Each of these lapses reinforces the same lesson: AS400 may be a strong platform, but without disciplined security practices and the right service provider, even the strongest systems can become points of failure.

5 Practical Steps for Locking Down AS400 Security

Securing AS400 (IBM i) in financial institutions is not about one control or one tool. It requires a layered approach that addresses the network, the system itself, data, users, and operations. Each layer strengthens the others, helping institutions protect sensitive data and reduce compliance risks.

Steps to Secure AS400

1. Network Security

Restrict access with firewalls, subnet segmentation, and VPN-only remote connections.

Encrypt all communication with SSL or TLS to prevent interception.

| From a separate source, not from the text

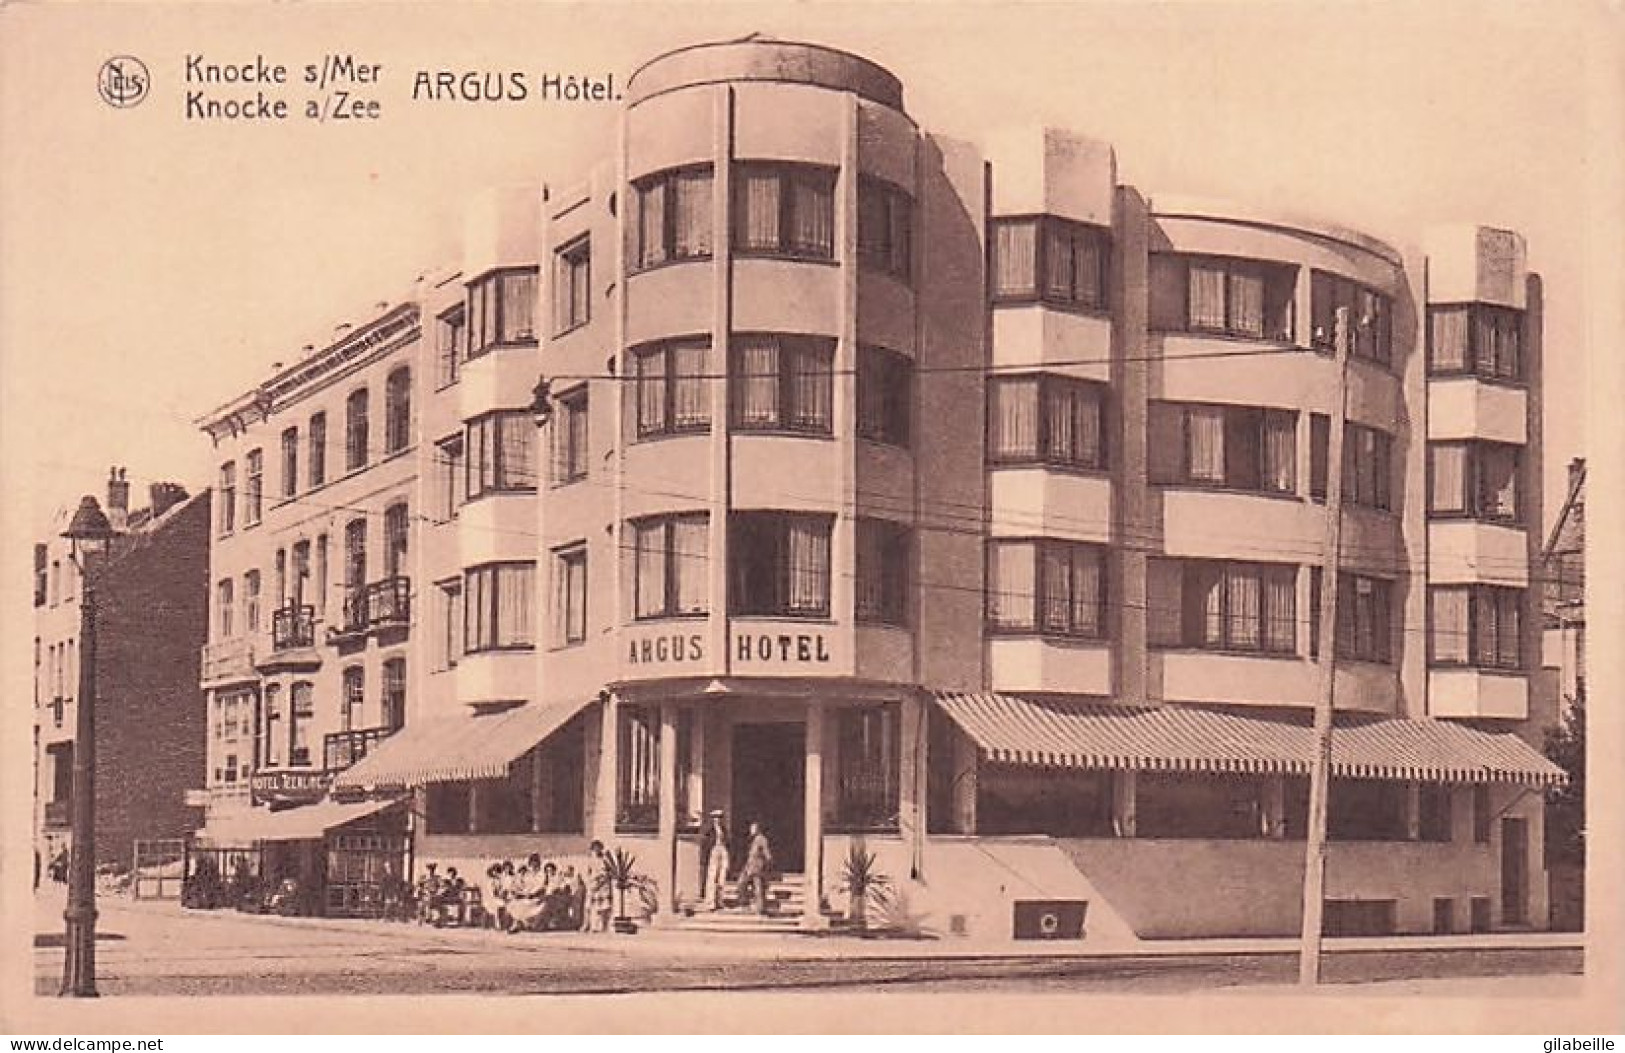 KNOKKE - KNOCKE Sur MER -   Argus Hotel - 23 Avenue Du Littoral - Knokke

Monitor network traffic using SIEM tools for real-time anomaly detection such as unusual login times or unknown IP addresses.

Eliminate unused or legacy protocols. Keep only what is essential, such as secured FTP or encrypted ODBC.

2. System-Level Security

Set the QSECURITY parameter to level 40 or 50 for financial workloads.

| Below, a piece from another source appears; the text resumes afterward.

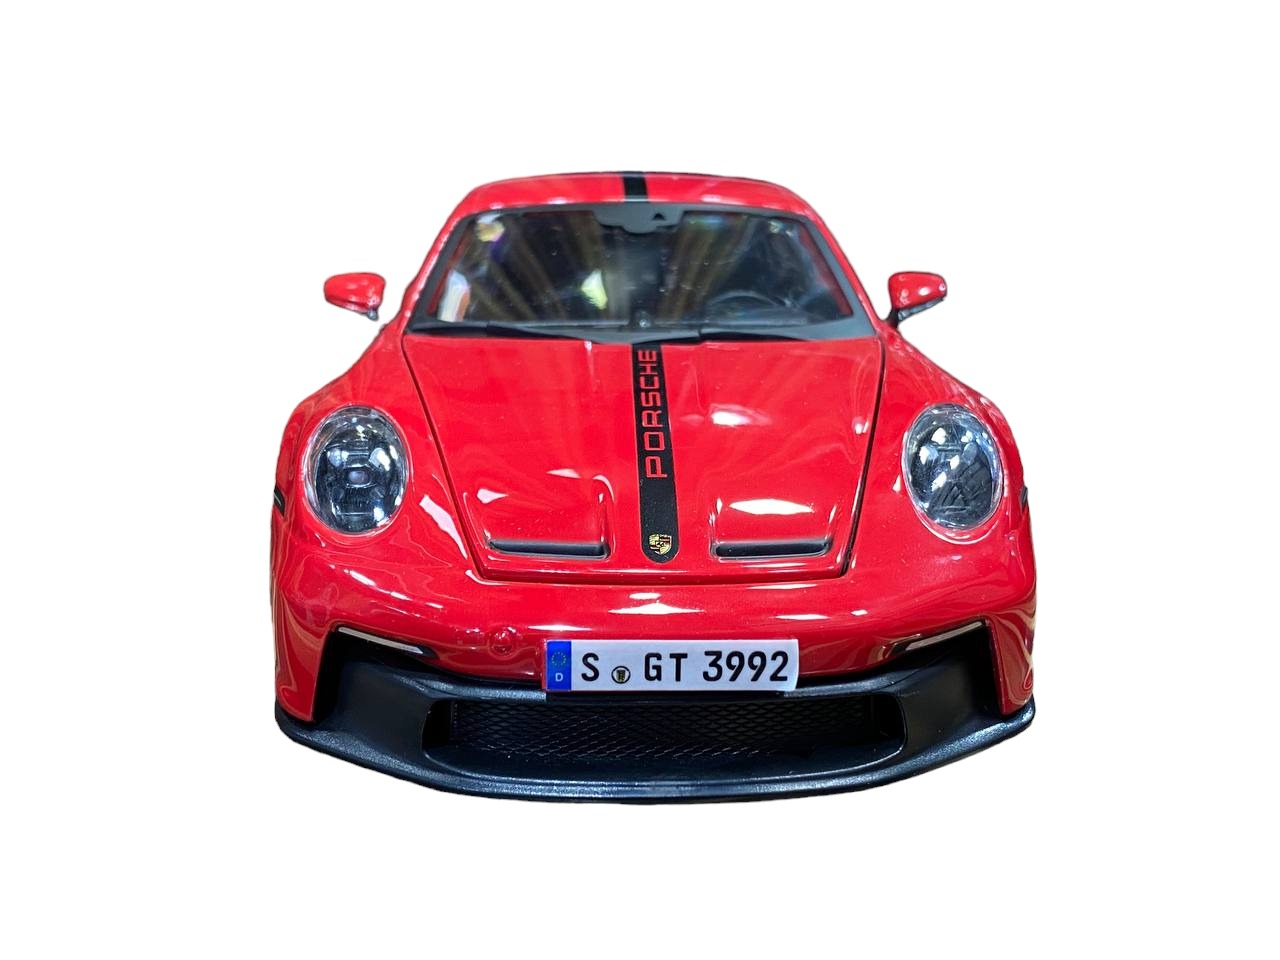 1/18 Diecast Metal Maisto Porsche 911 GT3 Red Model Car

Stay current with IBM’s monthly security patches and firmware updates.

Enable QAUDJRN audit logging to capture system activity, profile changes, failed logins, and unauthorized access attempts.

Use compliance automation tools to validate configurations continuously and generate audit-ready reports.

3. Object and Data Security

Apply least privilege principles by granting minimum necessary authority.

Avoid giving *ALLOBJ authority except in rare cases, and log its use.

Encrypt sensitive data stored in Db2 and in backups. Ensure all in-transit data uses encrypted channels.

Keep production data out of test environments. Use masking or anonymization if test data is required.

Harden the Integrated File System (IFS) by removing *PUBLIC write permissions and monitoring folder access to prevent ransomware.

4. User Identity and Authentication

Enforce strong password policies with high complexity, length, and expiration rules.

Deploy multi-factor authentication for administrative and sensitive accounts.

Review user access regularly, disabling inactive or obsolete accounts.

Implement role-based access control so that permissions align with job responsibilities.

Integrate AS400 with enterprise IAM and single sign-on for consistent policies.

5. Data Protection and Backup

Encrypt all backup media with strong keys and rotate them regularly.

Test disaster recovery procedures to ensure they work under pressure.

Mask sensitive fields such as card numbers and social security data in reports and logs.

Use replication and high availability features to maintain uptime and data consistency.

Learn more about the top cybersecurity concerns facing AS400/IBM i environments and the best practices financial institutions can follow to strengthen defenses, ensure compliance, and reduce breach risks.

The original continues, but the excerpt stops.